--- START ---

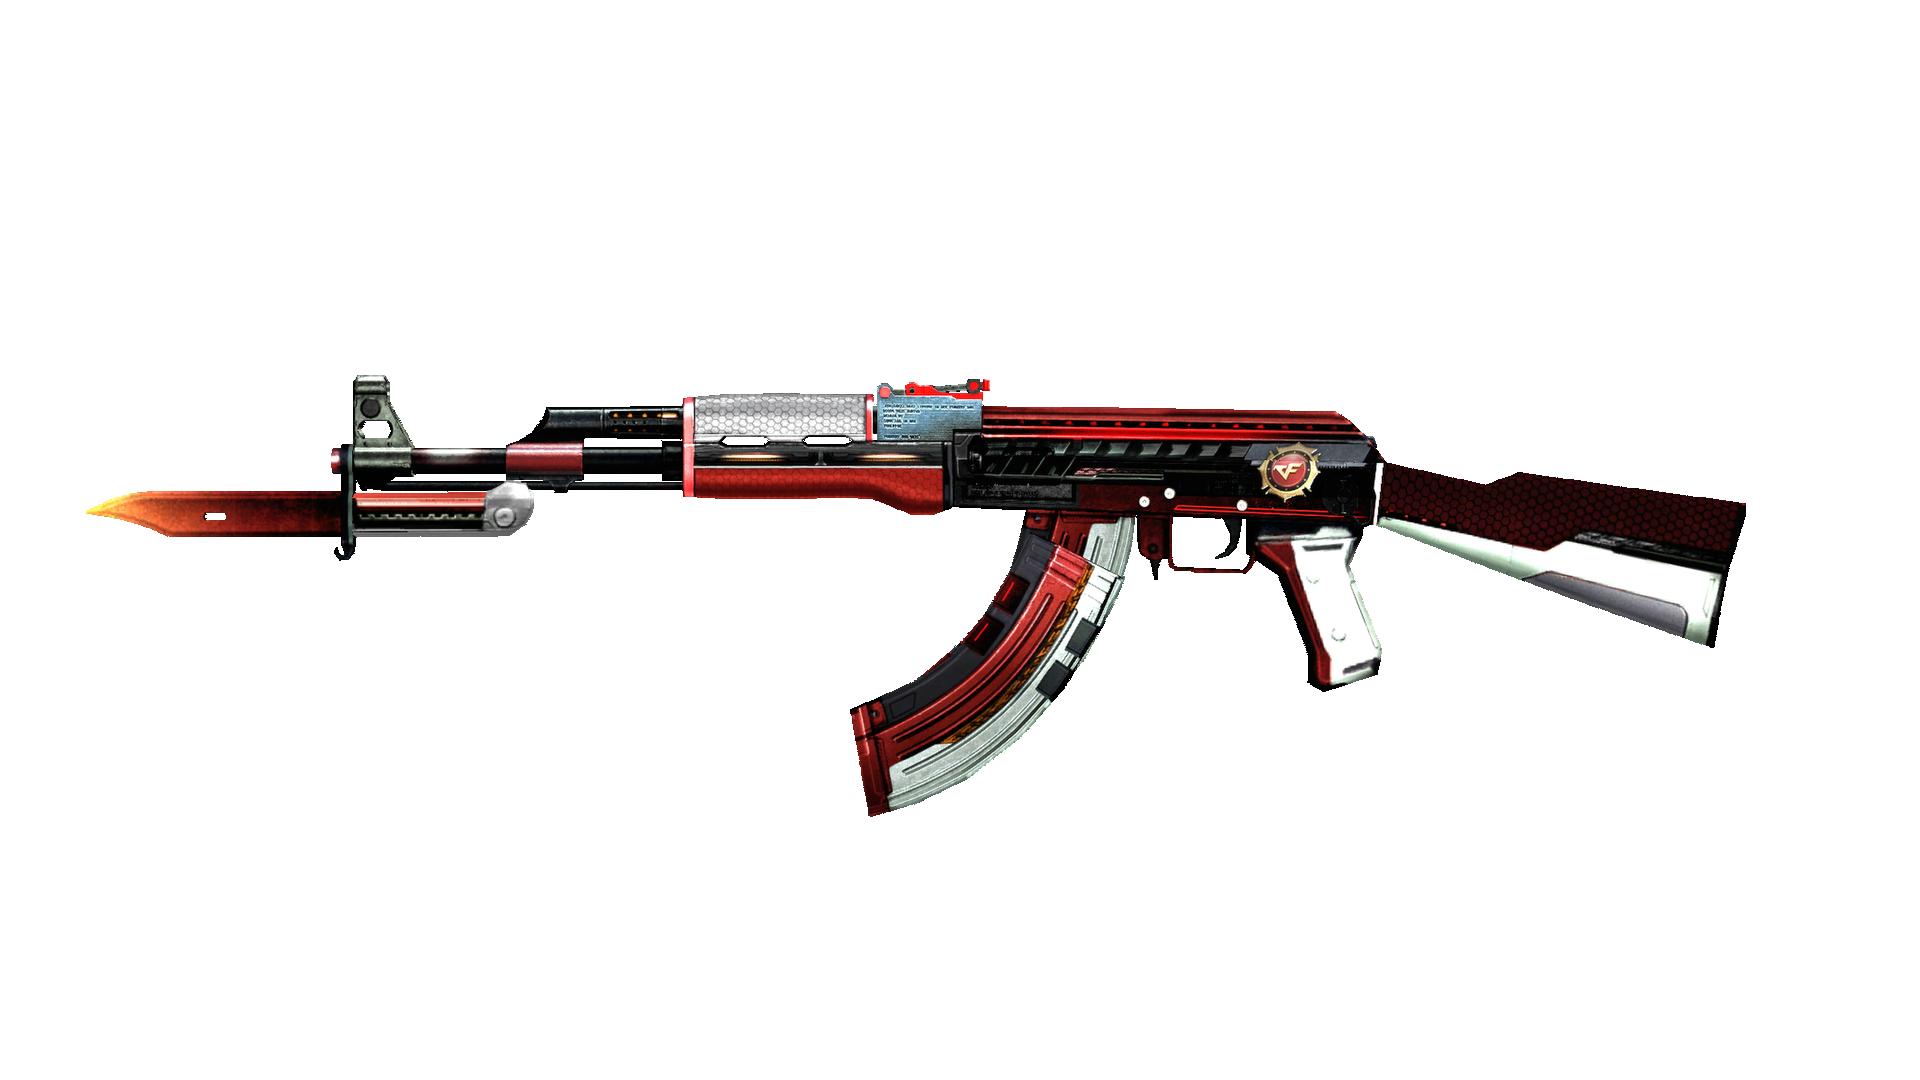 AK47-Knife Dual Mag Rank Match Red   Crossfire Wiki   FANDOM powered by  Wikia
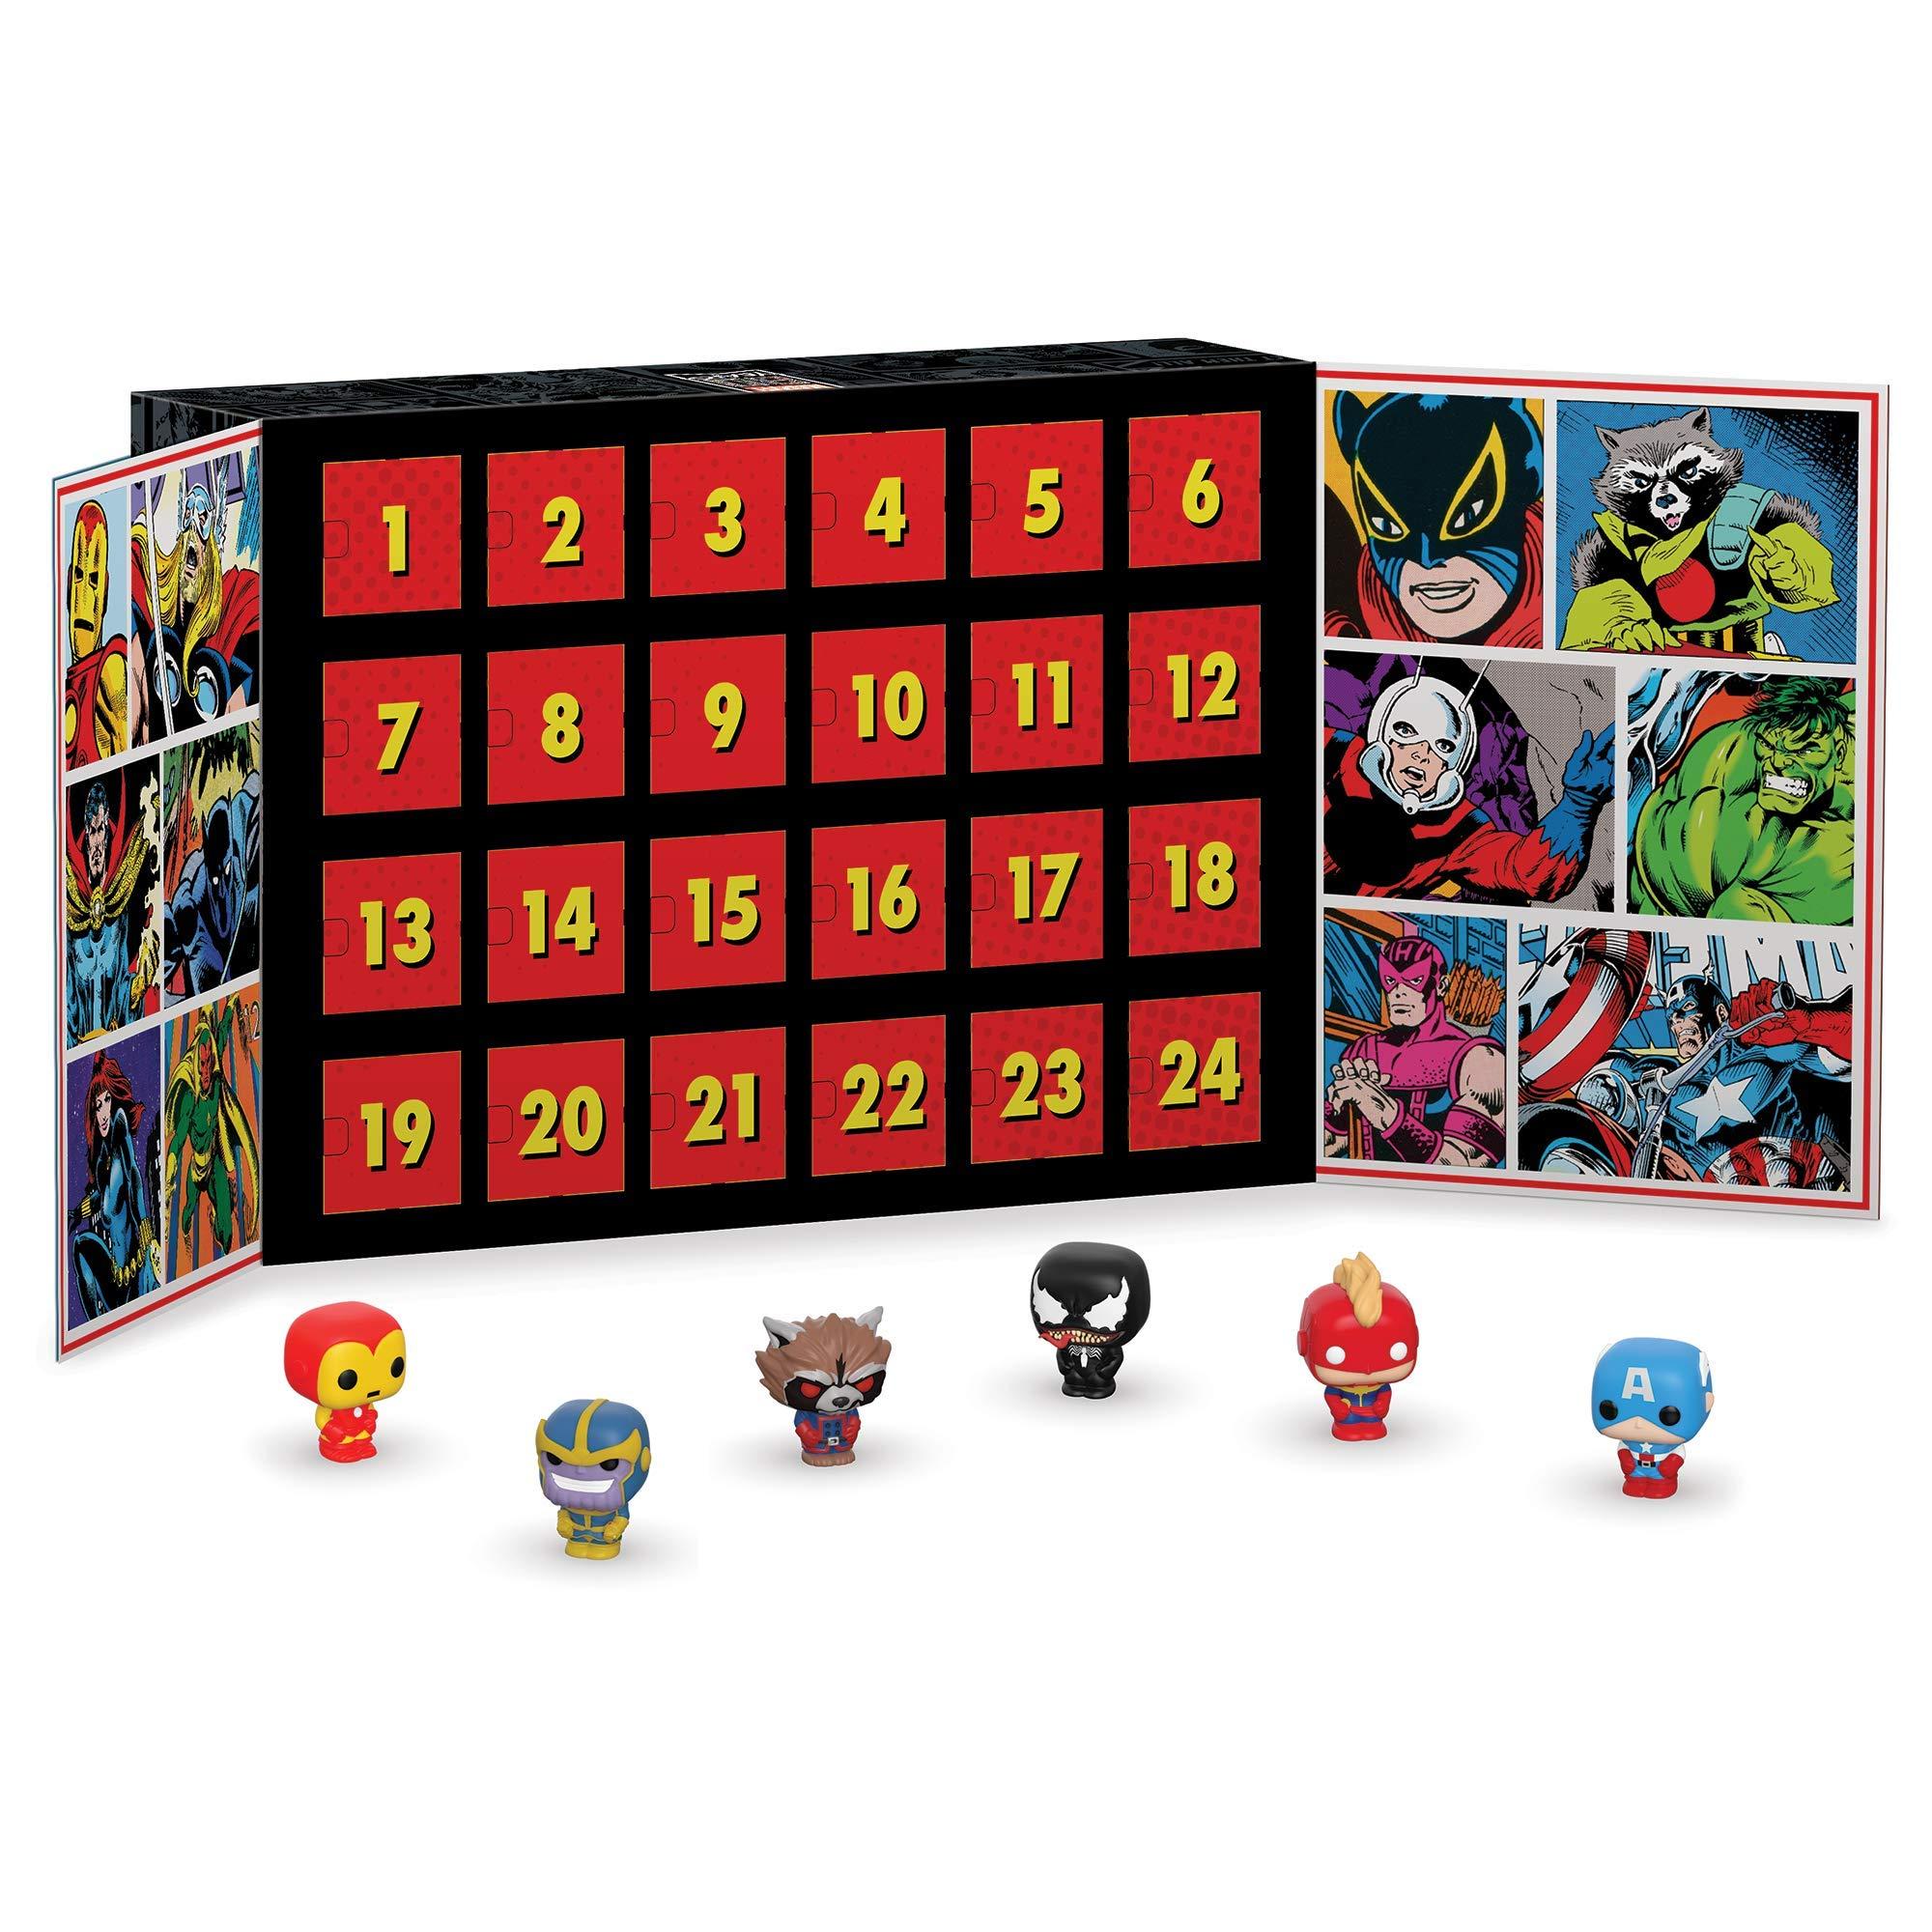 Funko-Advent-Calendar-Calendario-Adviento-Marvel-Multicolor-42752
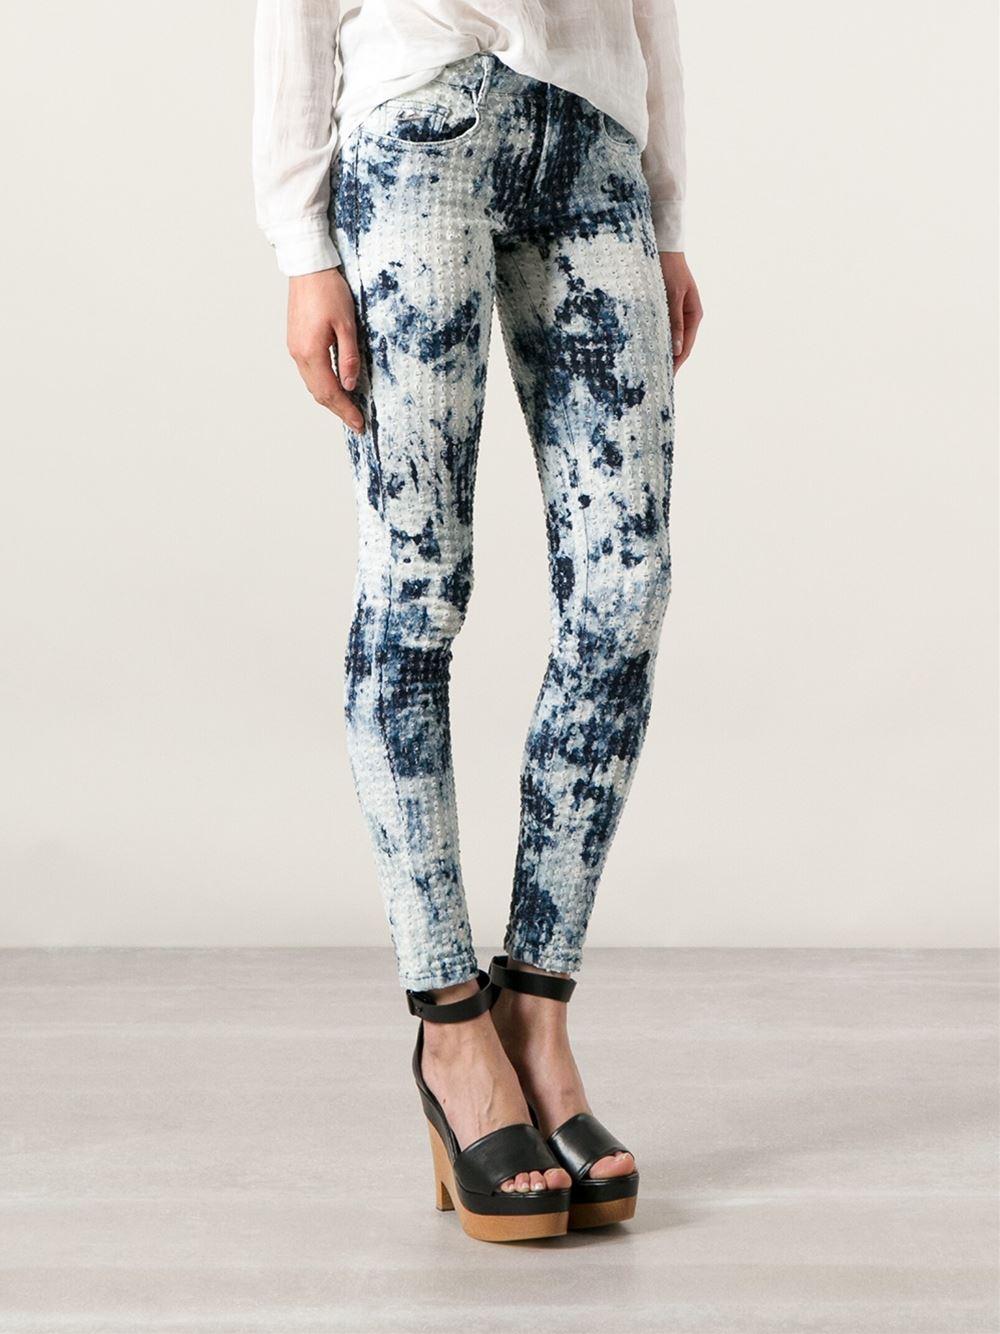 Luca Taiana Skinny Jeans - Tessabit - Farfetch.com

--- END ---

**WHAT IS REQUIRED**
Could you give the material again exactly as it stands, omitting any image?

**REPLY TO THE EXERCISE**
 AK47-Knife Dual Mag Rank Match Red   Crossfire Wiki   FANDOM powered by  Wikia
 Funko-Advent-Calendar-Calendario-Adviento-Marvel-Multicolor-42752
 Luca Taiana Skinny Jeans - Tessabit - Farfetch.com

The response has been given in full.